Harriet, early in the narrative, explains simply that Edward organised a rebellion in Ireland, “and if that don’t make him a traitor, well what does”. She says her father, when he died, had not received “one brass farthing of what he were owed by that Family... in spite of all his years of work”. Harriet remembers how Lady Lucy had asked Tony to write an account of his life to show how her brother, his name now disgraced, “was incapable of treasonous acts, just led by his good heart and by bad men”.

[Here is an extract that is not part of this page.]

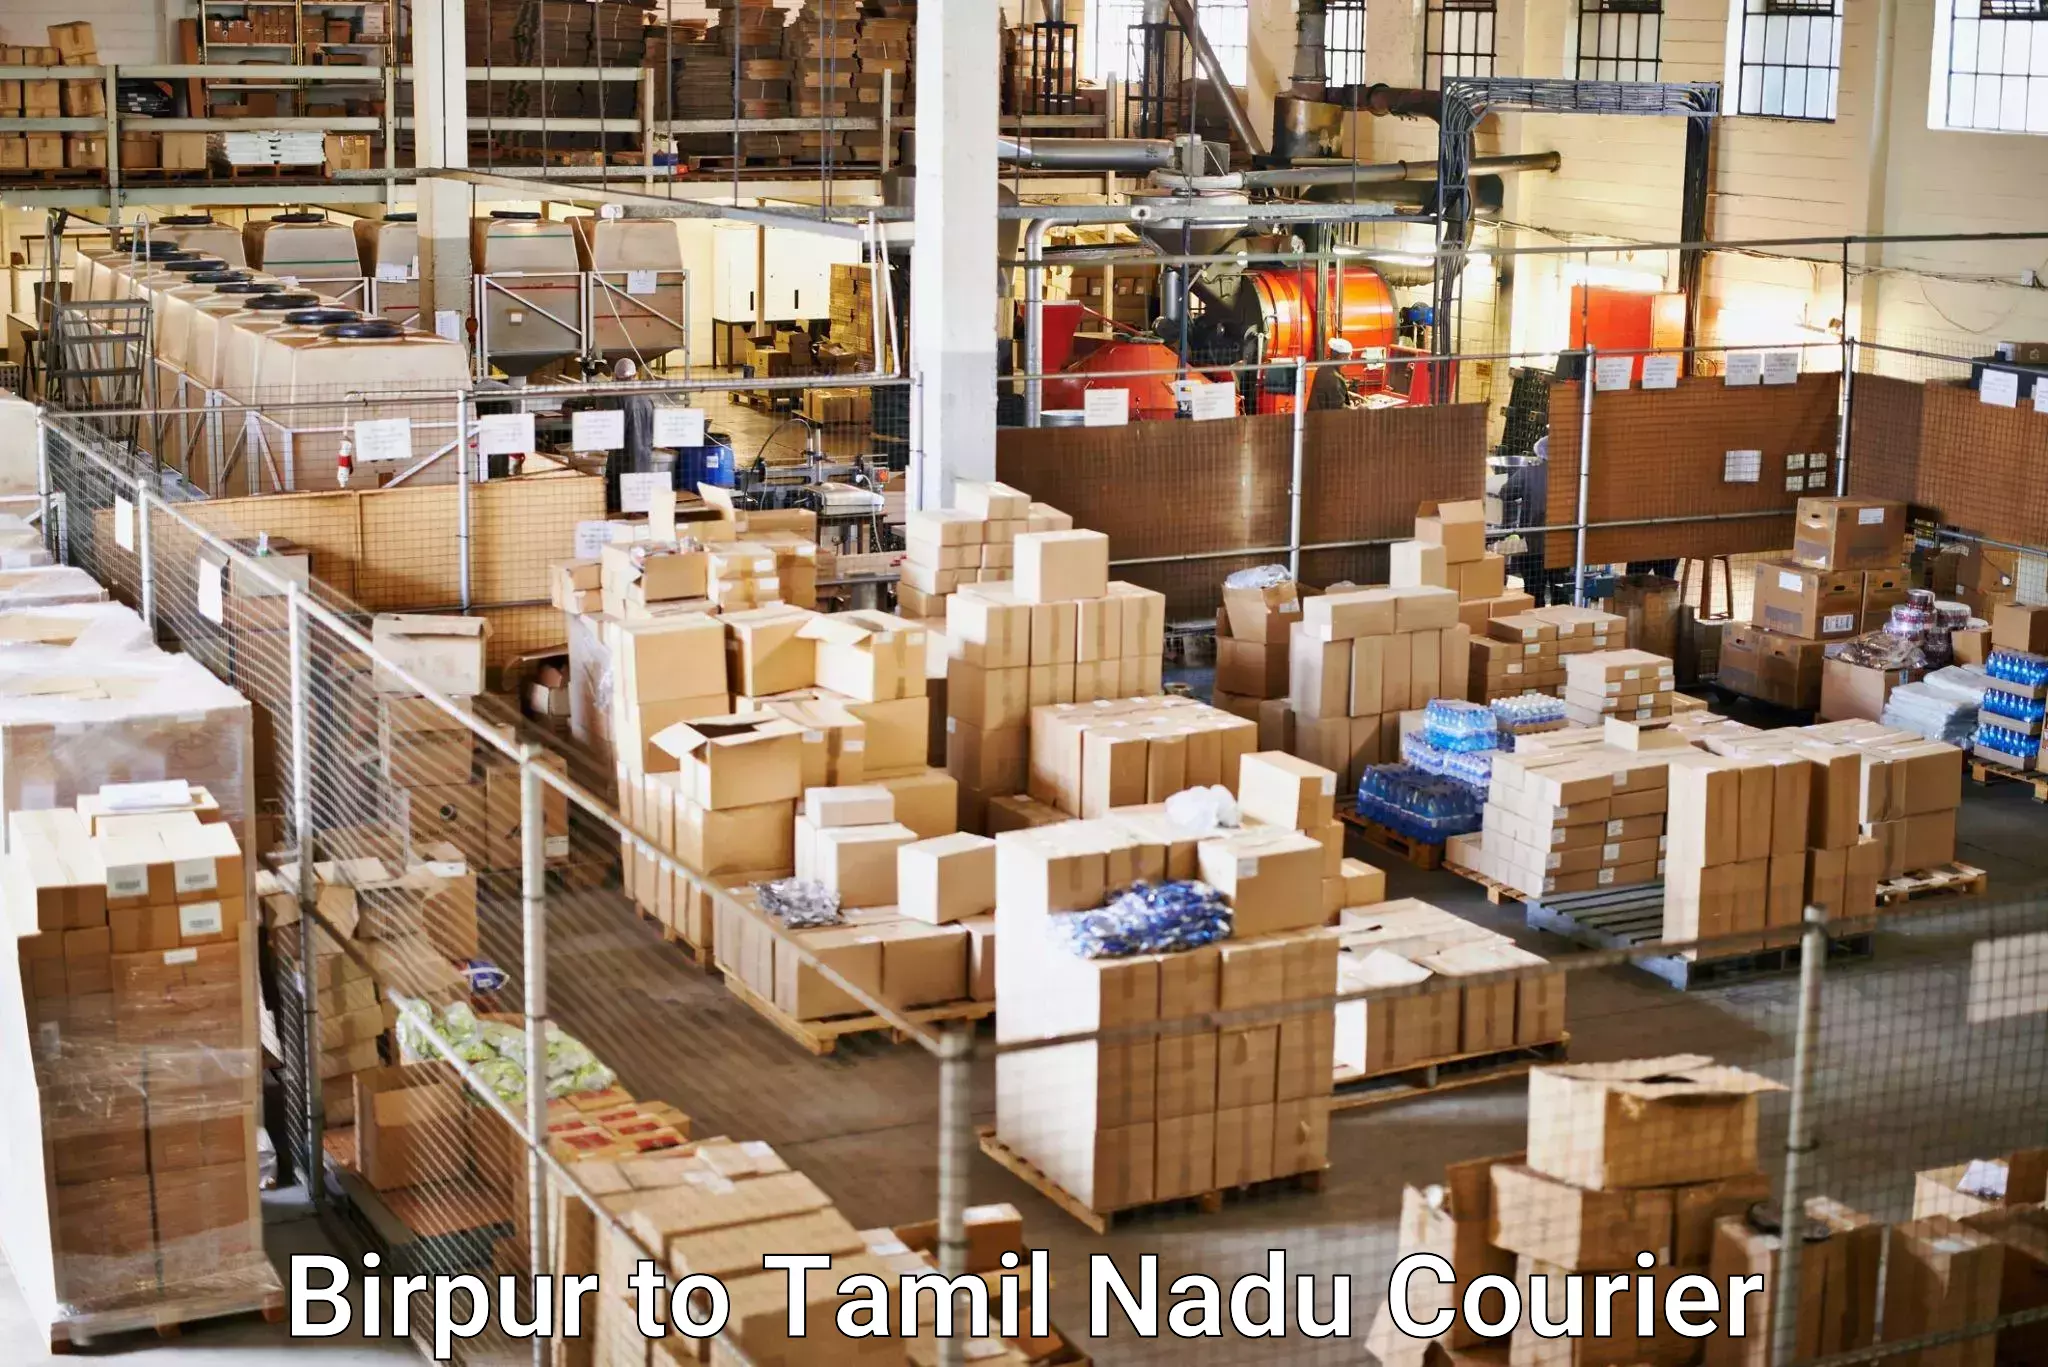 Logistics service provider Birpur to Tamil Nadu

It’s a heady, heavy introduction - and that’s before we go back to 1781 and ‘The True Narrative of The Most Remarkable Particulars of The Life of Tony Small, The Devoted African Servant of Lord Edward Fitzgerald’, which includes text markouts by Lady Lucy and footnotes questioning Small’s account. Indeed he has scribbled out his own beginning in life, “perhaps of the Igbo people”, as he cannot remember the whens and wheres.

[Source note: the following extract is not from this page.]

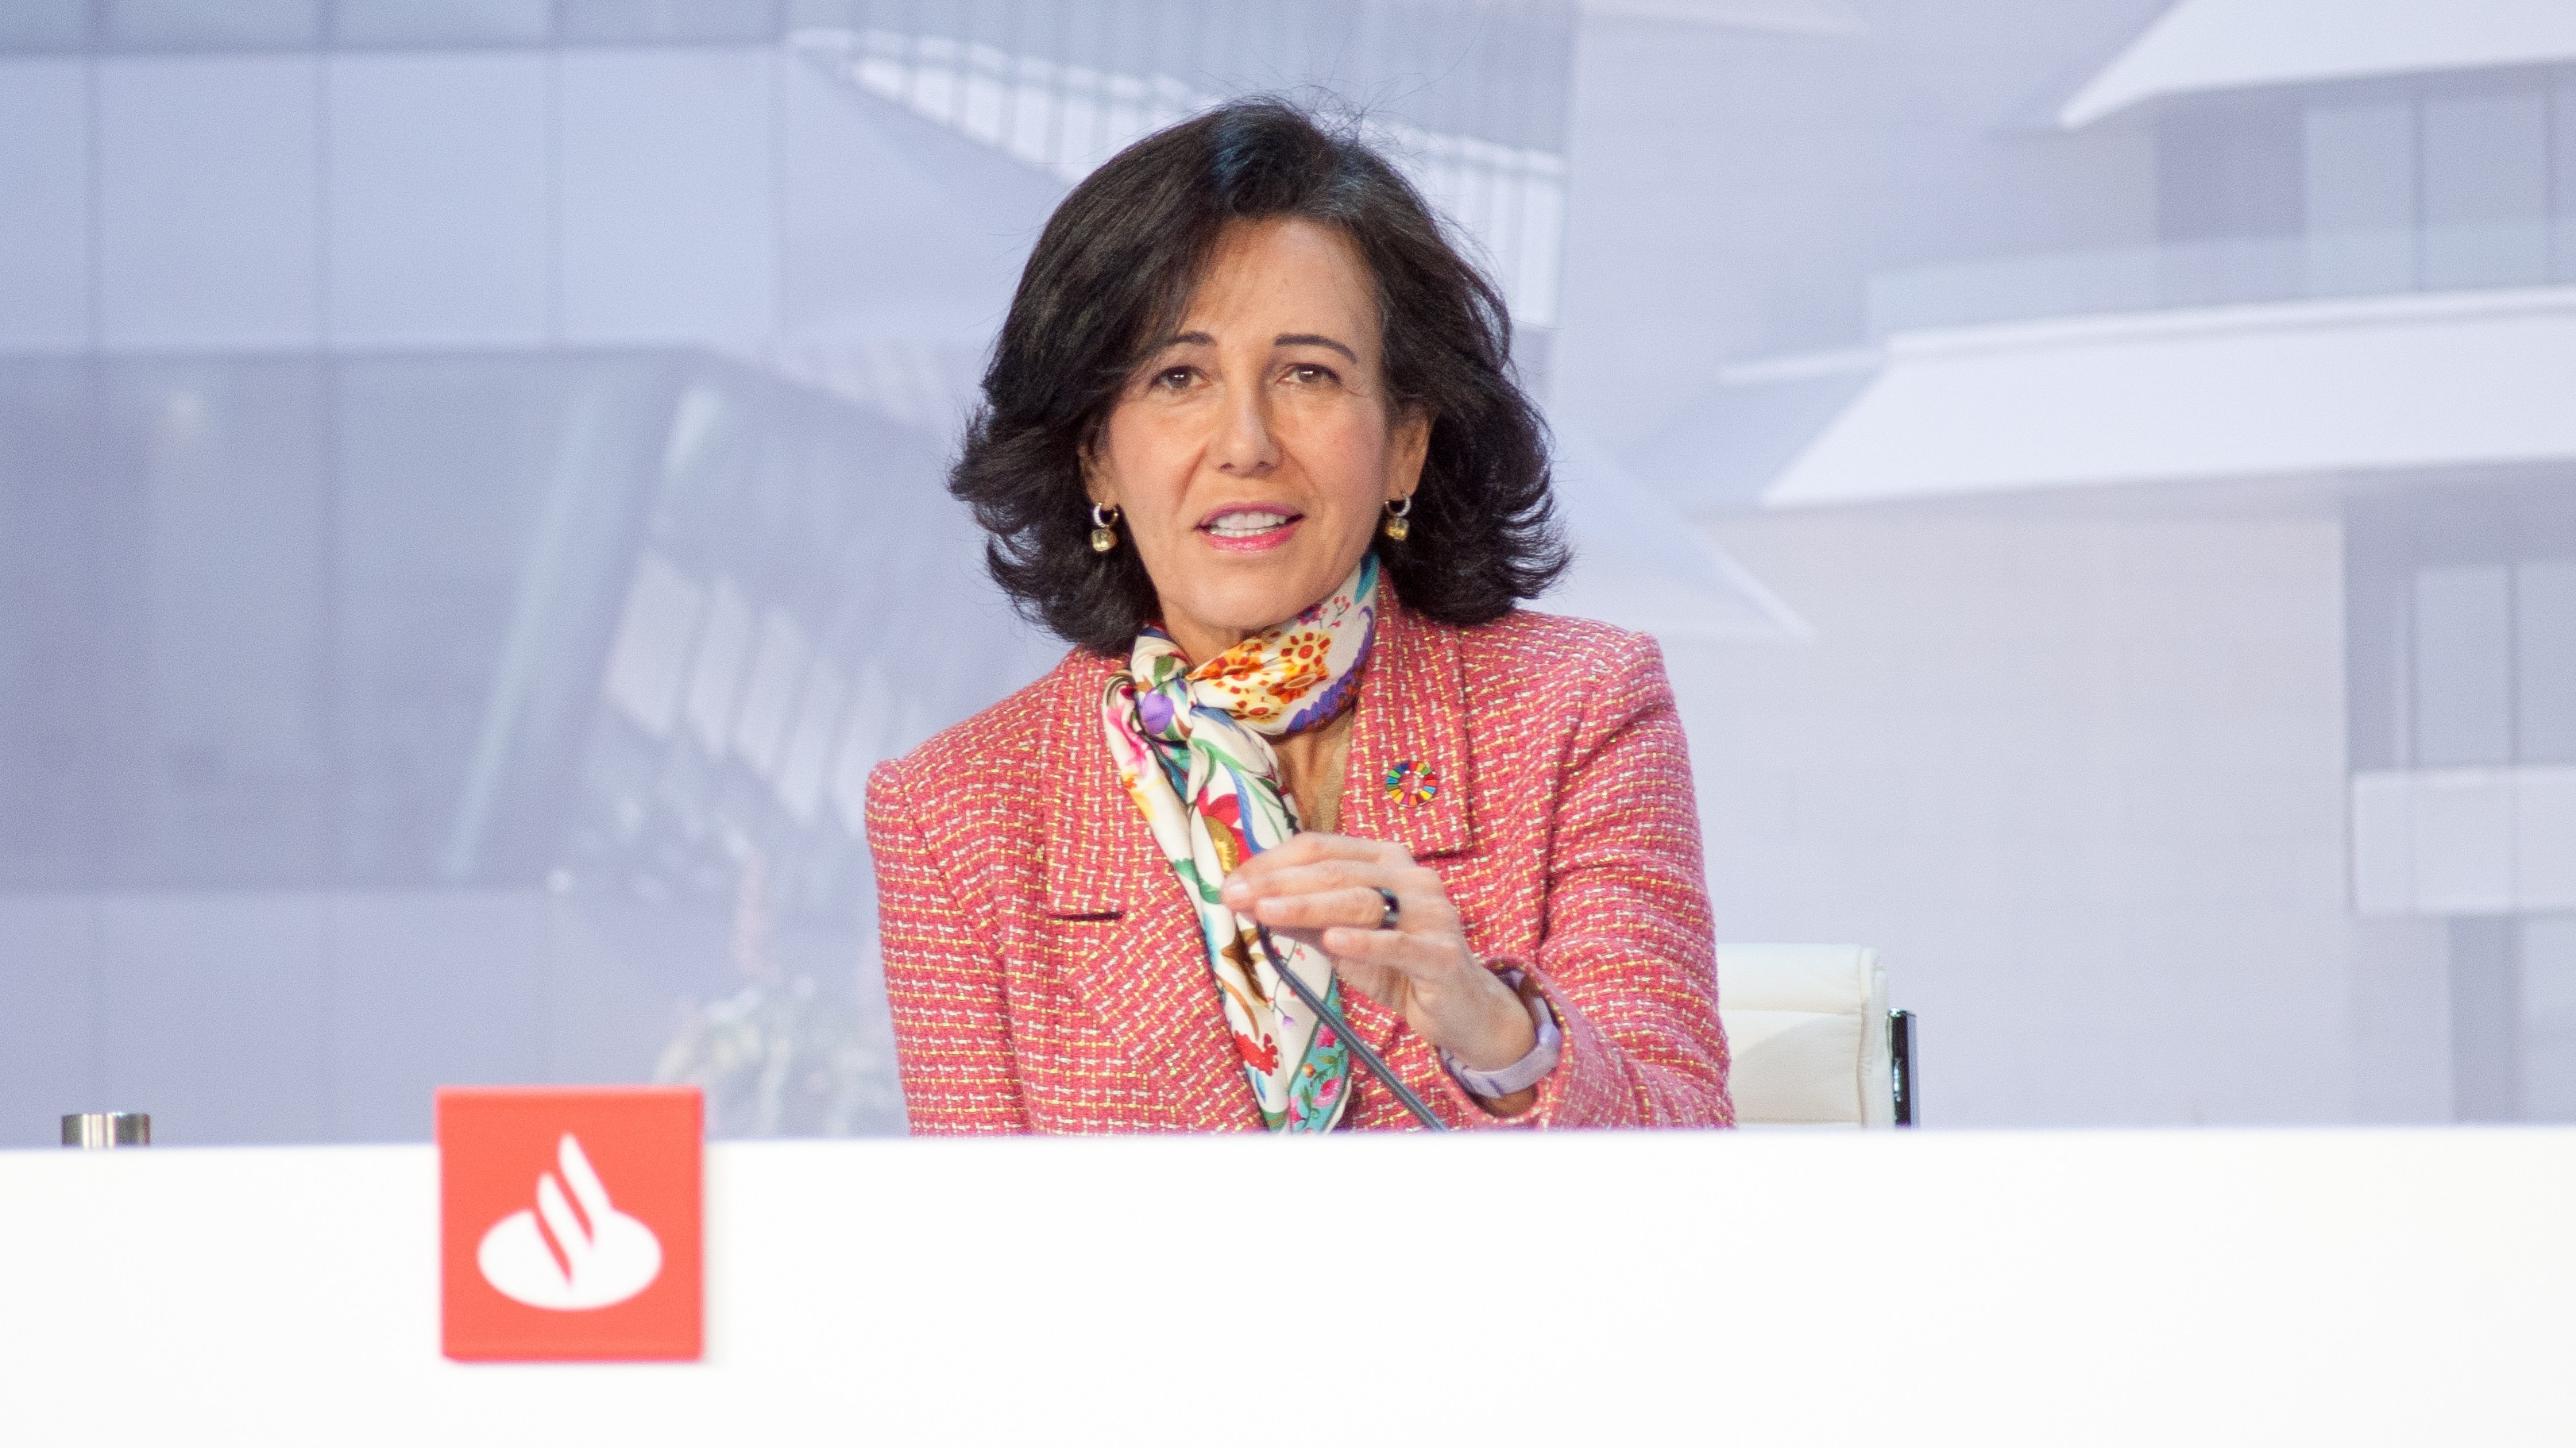 La presidenta de Banco Santander, Ana Botín,

“Is this what you expect of me?” he ponders. Lady Lucy notes: “You really must mention something of the trials of your enslavement.” Like a school history lesson, the reader will soon be distinguishing between primary and tertiary sources, between what Small thinks Lady Lucy wants to hear and the actual events that occurred across countries and over decades - with Harriet’s own reflections, 60 years on, interspersed throughout. So yes, ambitious.
Tony and Edward’s relationship is the centrepiece of the narrative, complex and turbulent. Tony is told by a slack-jawed corporal, on a voyage back to England from the West Indies, that he’s “mimicking how your master speaks” and will fool no one. This ill treatment and side-eyeing confronts Tony throughout the years. In Dublin some 15 years later, an officer blocks his path over a bridge on Canal St and derides: “‘A black man on a horse. It could only be Lord Edward’s pet black. His Faithful Tony.’ The last was uttered with such derision that I was struck dumb.” In St Louis in 1789, there is a gripping encounter with a slave trader, Clamorgan, that leaves Tony resentful, despite Edward’s laudable actions. They challenge each other; they respect each other.
Tony’s musings on the Ireland of the late 1700s, of the “Established Church and rent to absent Masters”, seem too perceptive, that “even their Native language is subject to persecution… with many people forced to accept the bitter taste of another’s launchuage on their tongue”. Cue Lady Lucy’s delusions: “I know how the Irish love their Gaelic language - I too have a fondness for it - but is it not the case that English is the true language of enlightenment and advancement? Think how well you have done because of it!”
Words to Shape My Name is like four books in one. The reader has to do the work - and may well be Googling names and discovering the real life events behind the tale of Tony Small and Lord Edward - but will be rewarded for it. It’s ambitious in the best sense of the word.